Six questions about your offer

Let's dive into the six essential pieces of information you need to know about what you’re selling. By doing this, you’ll know more about your offer.

In my last post, I discussed three questions I ask about the physical requirements of a piece of copy.

But in this one, I’m going to dive into the six essential pieces of information you need to know about what you’re selling:

  • Who’s the company, and are they well known or unknown to your audience?
  • What is the actual product or service you’re selling?
  • How can people get it?
  • How do people know it’s safe to buy it?
  • What are the features and benefits?
  • What are you promising—why should people get it? 

Who’s the company?

This first question is the most obvious. Who is the company? What do you know about them? 

Are they well established or a start-up? Have they been on the scene for years? Do they have a good reputation or a bad one—or could they disappear tomorrow without anyone noticing? 

Questions like these will focus you on whether you’ll have to make “who we are” part of your copy. They’ll help you know whether you’ll need to build credibility, or whether an already-established relationship with the audience means you can skimp on details about who’s making the offer.

Are they pouring 100,000 dollars into this campaign, or do you need to make a difference with only $500 worth of copywriting? This question will help shape your approach—do you have enough budget to write a 10-email series, or do you have to be “one and done?”

Most importantly, is your audience familiar with the company—or will they be viewing your copy with a healthy dose of skepticism? In other words, how much trust will you have to try to create?

What is the actual product or service you’re selling?

Next, ask what’s for sale—precisely what’s for sale. 

Obviously, you’re going to know what the product or service is—a training course, or a round of CoolSculpting® treatments, for example. 

But even the best writers could benefit from clarity around features and options, colors and sizes, and the like. 

So if you’re not sure, start by collecting that information. How long is the course? How many modules? What’s the cost of the CoolSculpting, and how many times do you get to go, and so on.

How can people get it?

It might sound silly, but it helps to get crystal-clear on the physical mechanism of buying your product or service.

Is it a one-time payment, or can they pay with monthly installments? Do you accept credit cards? What happens if the buyer is dissatisfied?
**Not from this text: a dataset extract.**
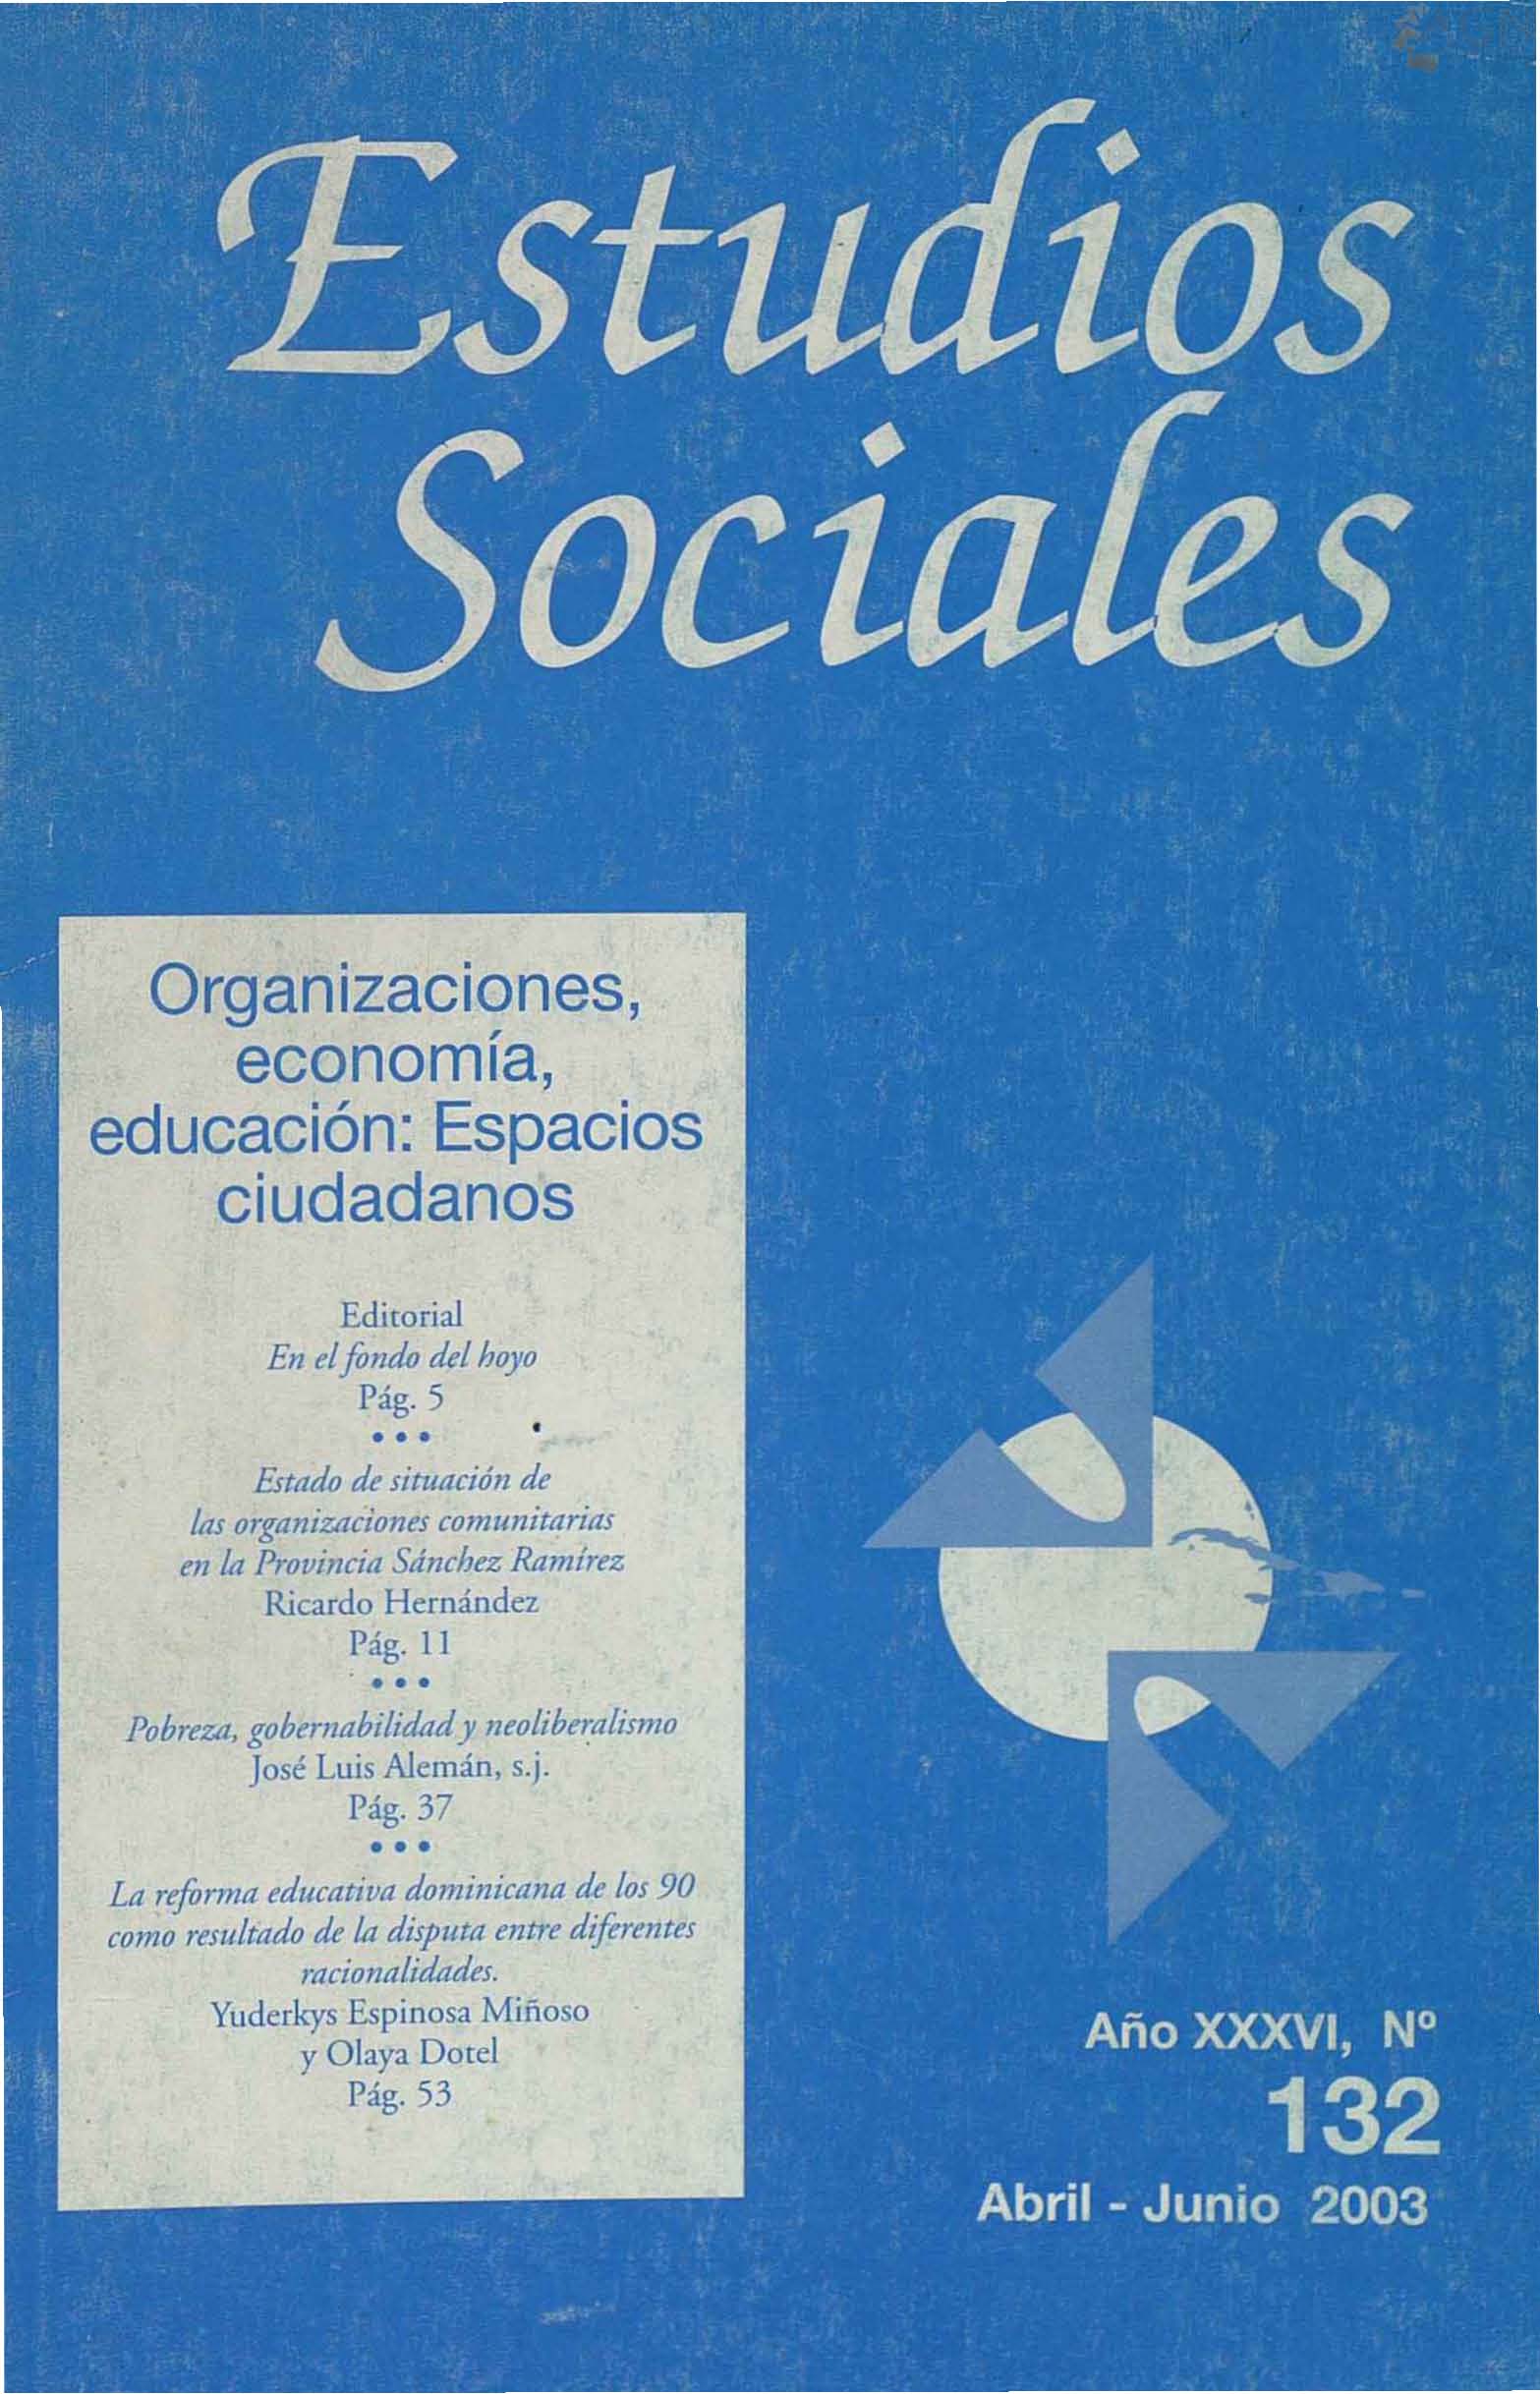 						View Vol. 36 No. 132 (2003): Organizaciones, economía, educación: Espacios Ciudadanos
					
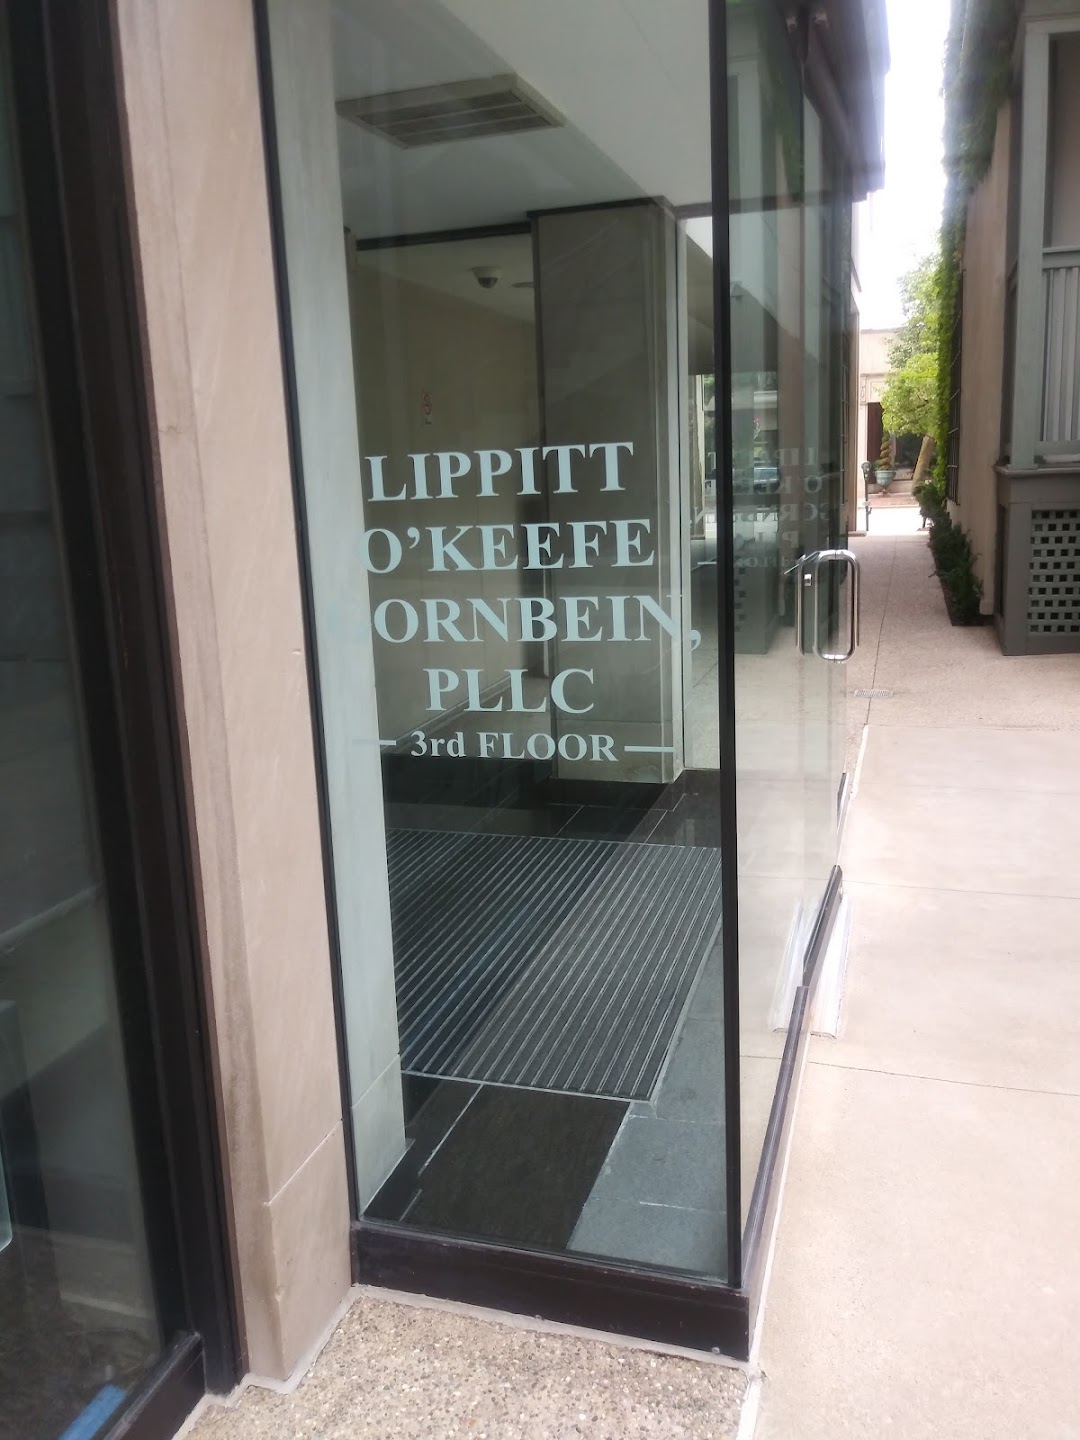 Lippitt OKeefe, PLLC

These questions are going to be in your readers’ heads—so you’d do well to work the answers into your copy. (FAQ sections are great for this, by the way.)

How do people know it’s safe to buy it?

I’ve said before that readers need to be confident that buying is simple, sensible, and safe.

For this reason, you need to build a lot of proof into your offer.

Proof that it’s simple to get the value they want. Proof that your product or service “does what it says on the box,” and that buying it is a sensible thing to do. And finally, proof that it’s safe to take action.

You can build this proof with everything from testimonials to a rock-solid refund policy—but build it you must.

What are the features and benefits of your offer?

Features tell—benefits sell. 

In other words, even though your audience wants to know how your product or service “is“—its features—they also need to understand how those features will help them. 

In other words, they need to know your offer’s benefits.

Are you a chiropractor? You’re not selling adjustments. You’re selling pain relief in the near-term, and health and wellness over the long-term.

For another example, it’s not good enough to say that a pint of healthier ice cream is a low-calorie treat. Describe how your audience can enjoy dessert without guilt or gaining weight.

What are you promising—why should people get it? 

The promise your product or service makes is even more important than its features and benefits.  

Let’s imagine a tub of protein powder. That tub might be 32 ounces, which means it’ll last for a while. Vanilla-flavored, so it tastes good. Maybe it’s low-sugar, so it’s better for you. And it’s made with pea protein instead of whey, which means it’s vegan. 

But those are all just features and benefits. What does this tub promise? 

Bigger muscles. Less body fat.

Increased attractiveness. More confidence. 

Hell… More sex? 

Suddenly that tub of protein powder means so much more than “50 servings, suitable for vegans!” 

No, you’d never write a headline that said, “Buy our protein powder and get more action in the bedroom.” (Well, you might—but you shouldn’t.)

However, understanding that “more sex” is a significant part of your product’s psychological appeal could help you a lot when it comes time to write.

The takeaway

It’s simple—dive deep into these questions, and you’ll know more about your offer.

And that, of course, means you’ll write better copy.